I was amazed at how quickly the positives that I know that this will be for Luke was swamped with all these would-have-beens. I was a little frustrated with that. I finally decided that it was okay to allow myself to mourn the change....or the loss...that will happen because of this decision. I do feel a loss. Right or wrong.....I don't know. It's just how I felt today.

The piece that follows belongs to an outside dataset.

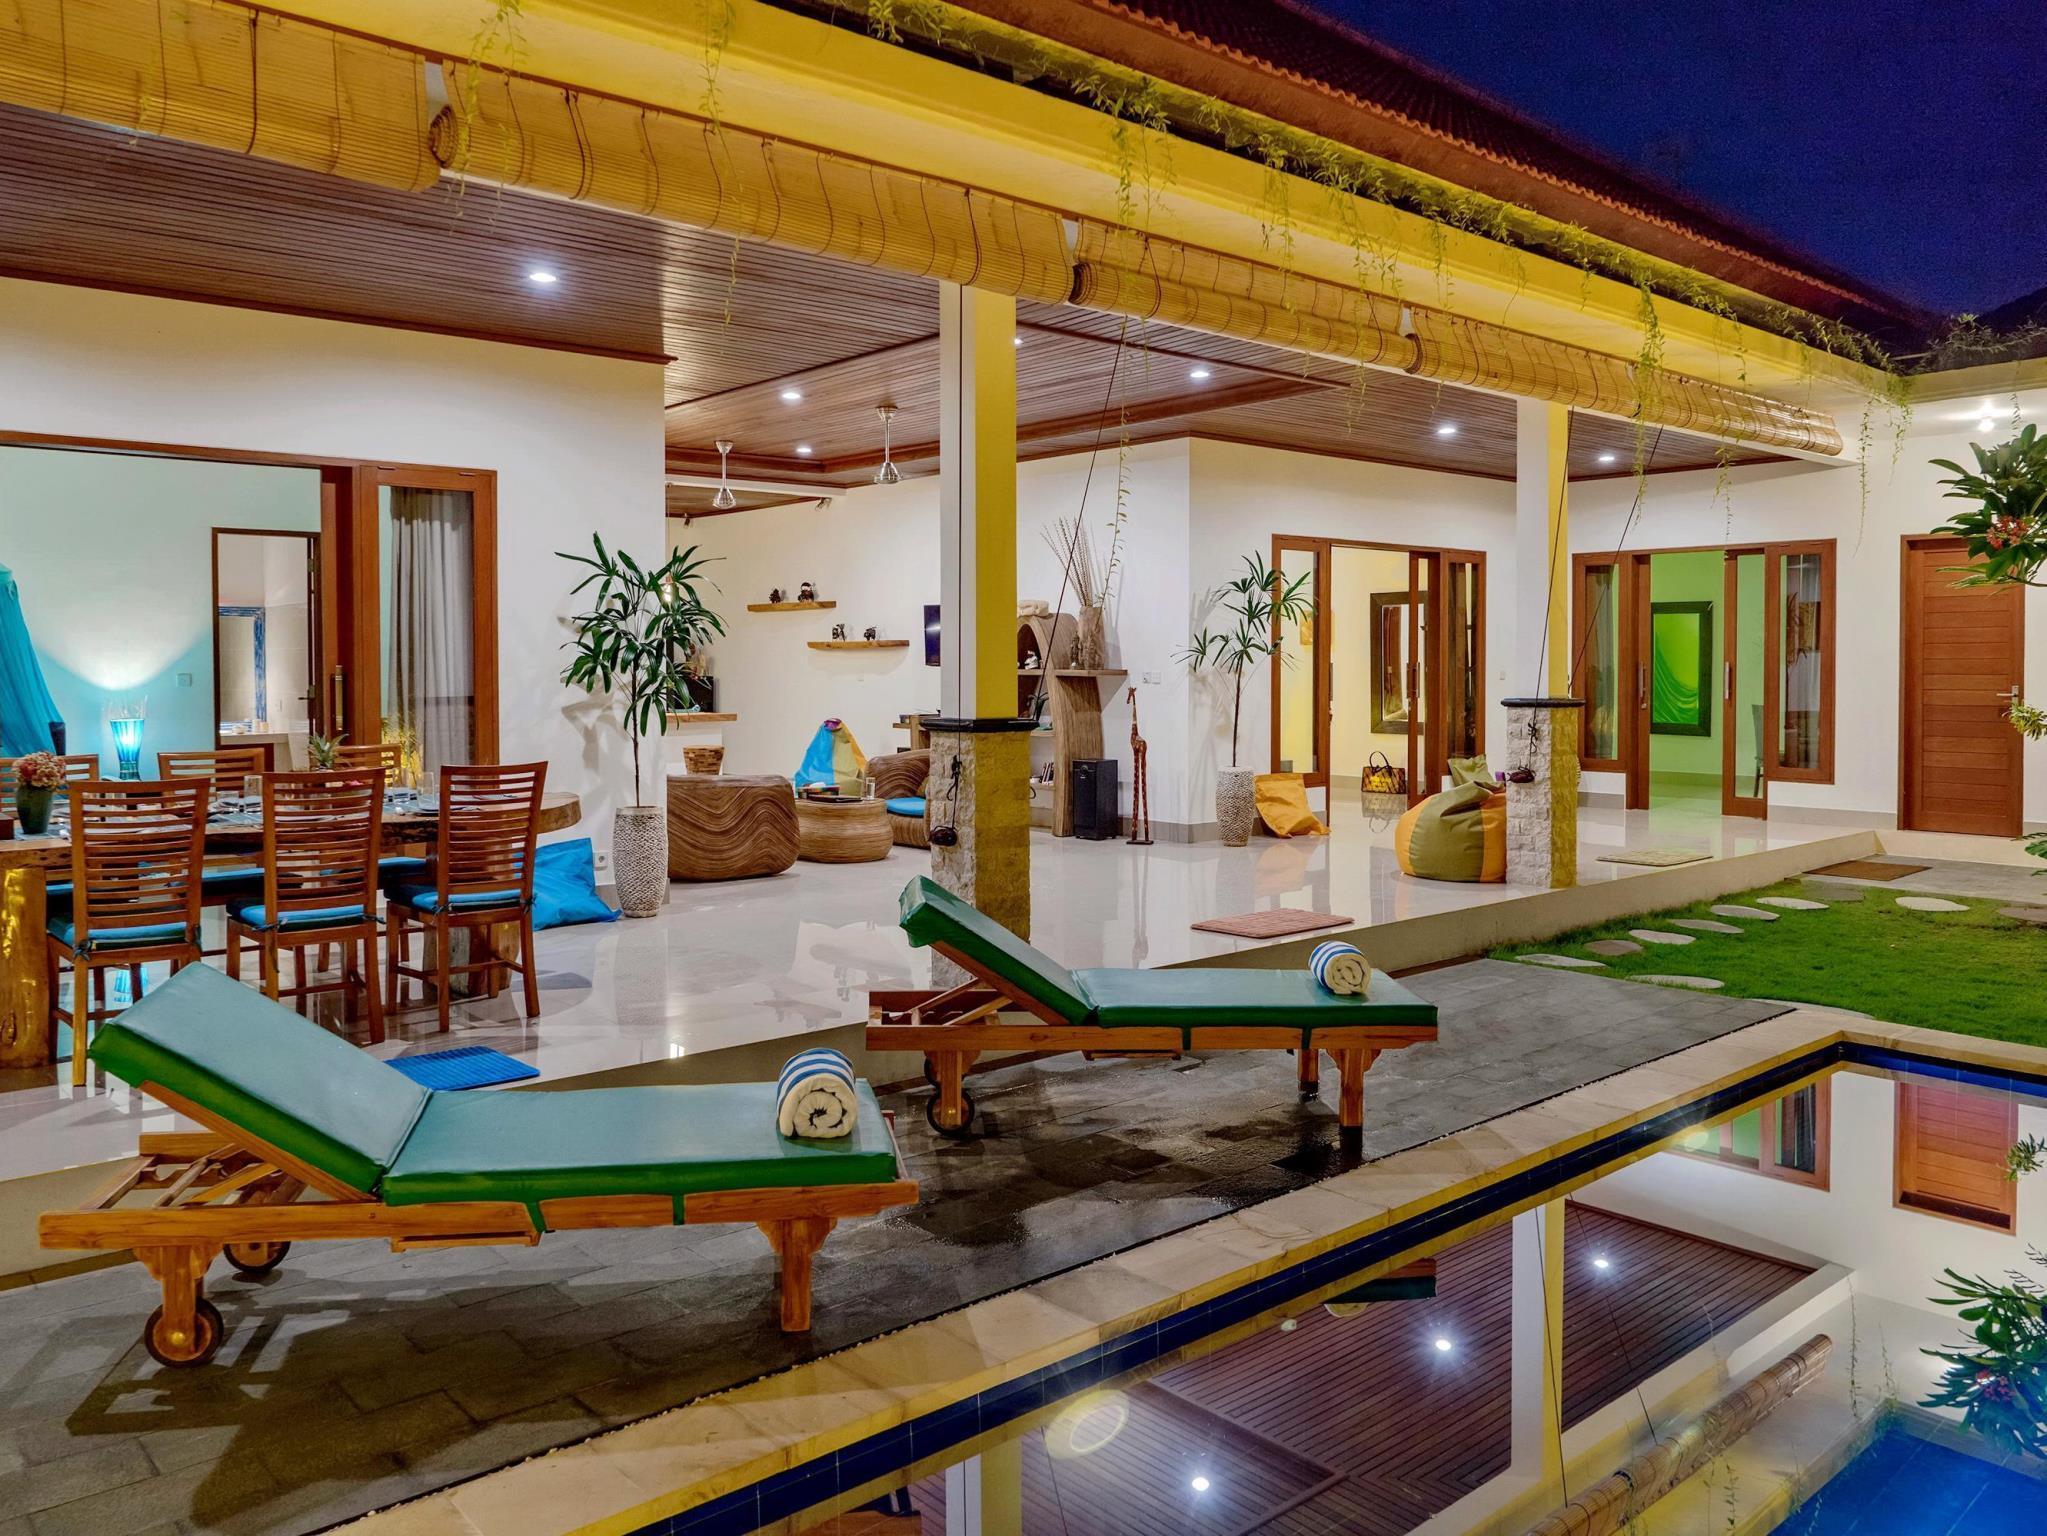 Villa MasBro in Bali - Room Deals, Photos & Reviews

I am praying that with time, I won't feel this loss anymore. I am praying that a year from now I will be dancing with the victory of what God has done in the following year in Luke's life. This is the verse that I am going to claim for this next year:

"I will repay you for the years the locusts have eaten—
.....and you will praise the name of the LORD your God,
who has worked wonders for you;

Joel 2:25-26

The funny thing, I think maybe I am seeing a little bit of God's repayment. Last night, as Luke and I were playing around in an activity book that I purchased for him, Luke shocked my socks off. He was looking at a page where you needed to match the word with the picture. He asked me what the first word was...and for some reason, I asked him what he thought. "Egg!" And he was right!! He went down the entire page....probably 6-7 words....and he had every one of them right! I was floored. A boy who can't even tell me the name of most of the letters....seemingly read 6-7 words. He read them....either that or he was extremely lucky in looking at the pictures and guessing the word order.

If I doubted that I had any hope left....Hope smacked me in the choppers last night. It left me begging for more.

1 comments:

Anonymous said...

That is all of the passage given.